The SkyStar ferris wheel in Golden Gate Park deal with the city is clearly flawed and compromised. It needs to be cancelled immediately. If it is renegotiated, the city’s portion of revenues should be substantially increased and/or the cost to the public should be substantially reduced.
Enough of this embezzlement of public funds and the people’s dollars.
Ginsburg needs to be thrown out.The privatization of Golden Gate Park is obvious. Outside Lands denies residents access to much of the park.Last year I saw debris on paths that seemed obvious Outside Lands rubbish.The cementing of the Polo Field was done as secretly as possible.Parks belong to ALL THE RESIDENTS not just entitled bike riders and party goers.It is obvious someone looked the other way when the monetary park of the contract with the unsightly ferris wheel was made.Morons and crooks run San Francisco. This contract proves it.
What percentage of the money from hot dog sales from licensed vendors in the park does the city get? We need to know that for perspective.
The amount doesn’t really bother me. I don’t see why Golden Gate Park needs or wants a ferris wheel, and I hope the contract isn’t renewed. But that’s an aesthetic issue.
If the money the city gets is doubled, and we get another $35,000 this year, that additional revenue would pay our bills for homeless people ($1.1 billion/year) for about 17 minutes.
Think of this as an attraction for the park. Another cool (or not) thing to do while you are there. The percentage is meaningless.
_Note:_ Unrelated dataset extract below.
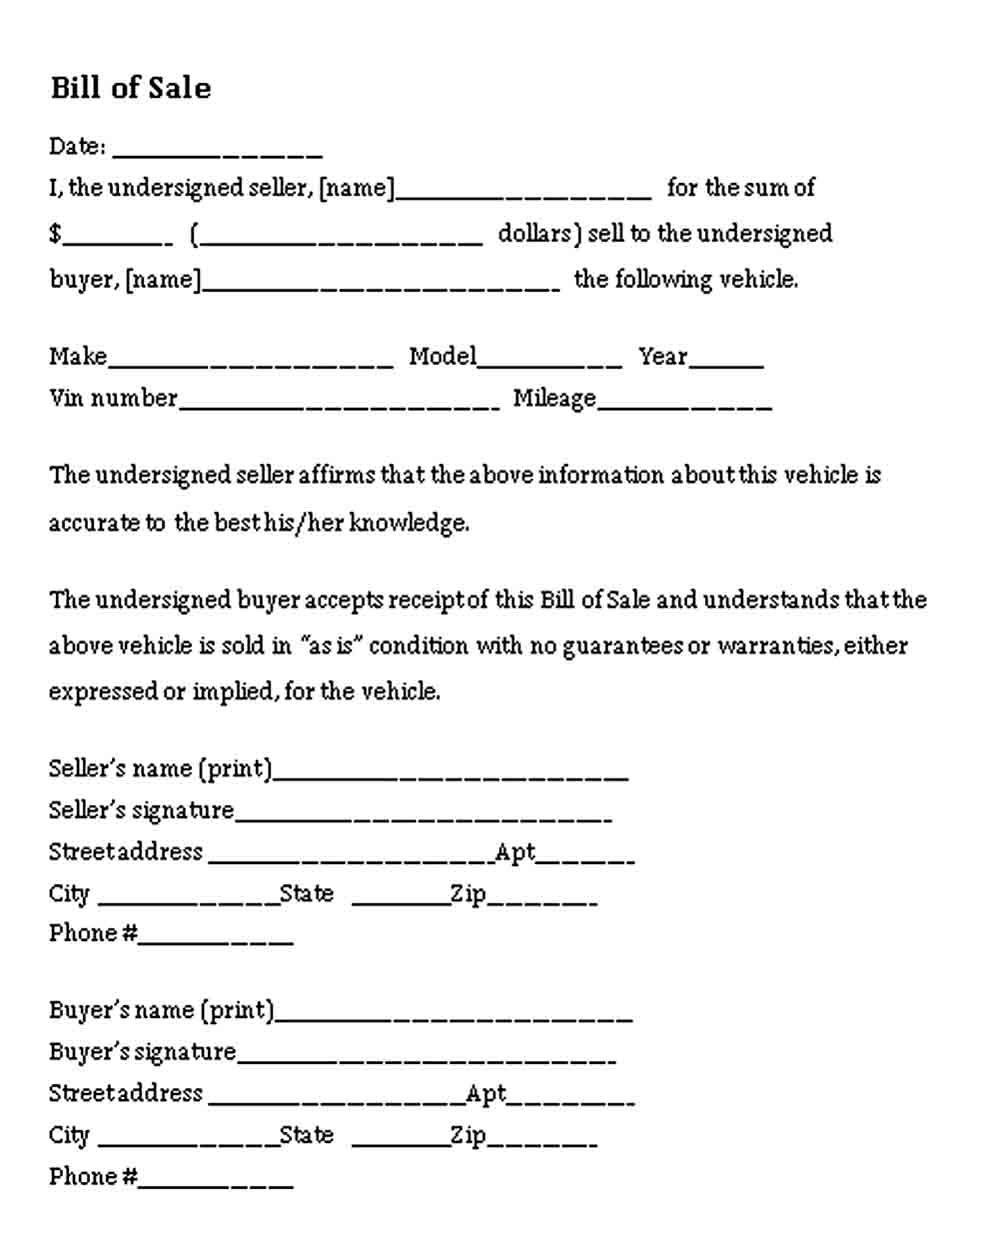 Bill of Sale Form   Bills, Business template, Templates
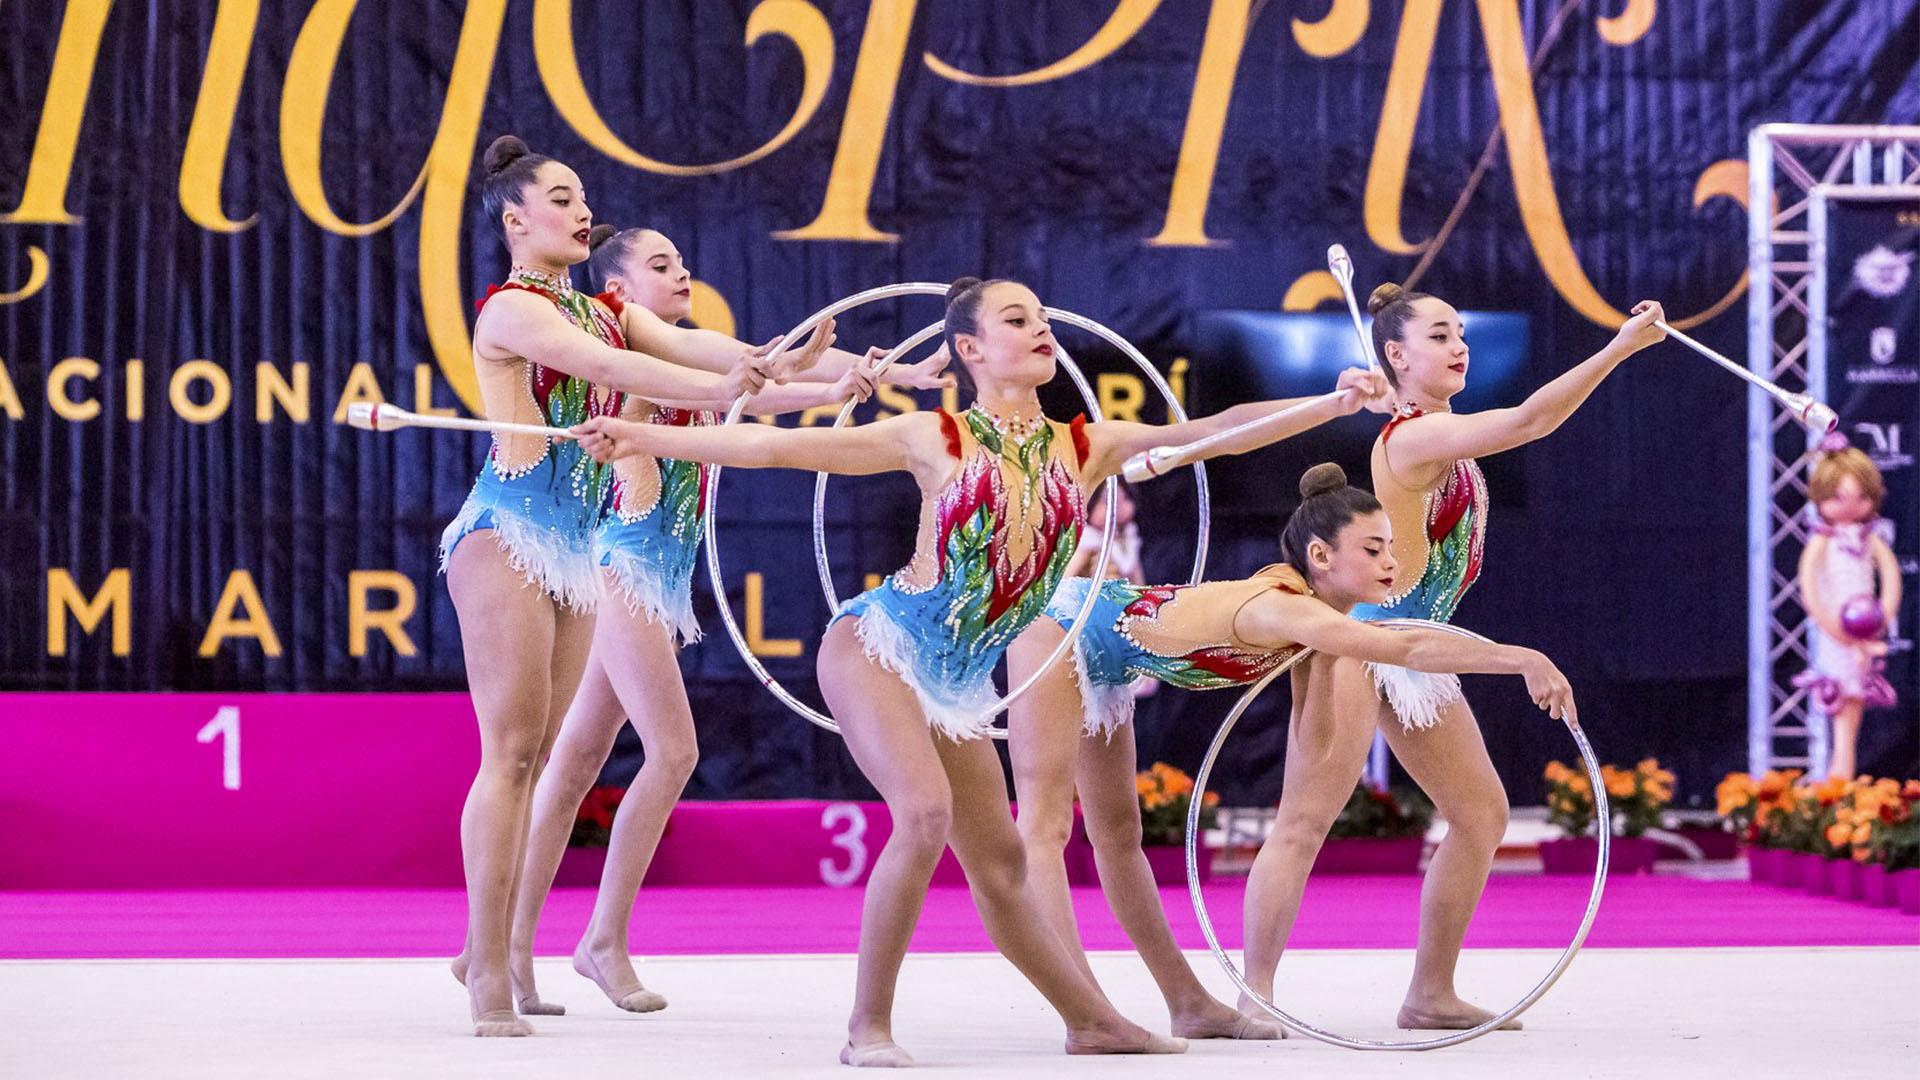 Vuelve el International Grand Prix al Palacio de los Deportes Elena Benítez de San Pedro Alcántara

It’s just an operating fee.
Also worth noting is the opaqueness of the revenue-sharing contract and additional sources of income like photographs and concessions. While SkyStar remains tight-lipped, the lack of disclosure only adds to the skepticism.
The contract’s details, like the automatic termination clause if the city’s revenue equals $900,000, further illuminate how the deal was not structured in the city’s favor from the outset. It’s clear that significant scrutiny is needed, both in revisiting the existing contract and in deliberating any similar future endeavors.
Clearly somebody in La City Familia has been paid off. Wouldn’t expect anything less from Parks & Rec.
“Follow the money. Follow the money.”
The crooks in the park department took over 10 years to resurface the playground on Vicente and 41 Avenue,but could paint the road immediately for the entitled bike riders in Golden Gate Park immediately. Moving the Farmers Market to make a stupid skate park is another destruction of SF.KICK The jerks in that Park Department out.They are appointed morons,not elected.
Article isn’t very informative without some kind of reference point for the 3%.
If Ferris Wheel has a 10% profit margin (pure guess), then 3% of ticket sale (revenue) would equal 30% of total profit (which doesn’t seem unreasonable).
Seems like the goal of the article is to push an agenda.
False analysis. By your logic, if the thing were operated at the break-even point, the city would get nothing.
You’re right – in which case a contract based on a share of *profit* rather than revenue would seem to be far more sensible.
The city isn’t great at negotiating these things (see also: bus shelter advertising).
You never base your take on another party’s profit. It is a straightforward accounting exercise to discount profits, and if that’s not enough, what with hiring “consultants” and such shenanigans.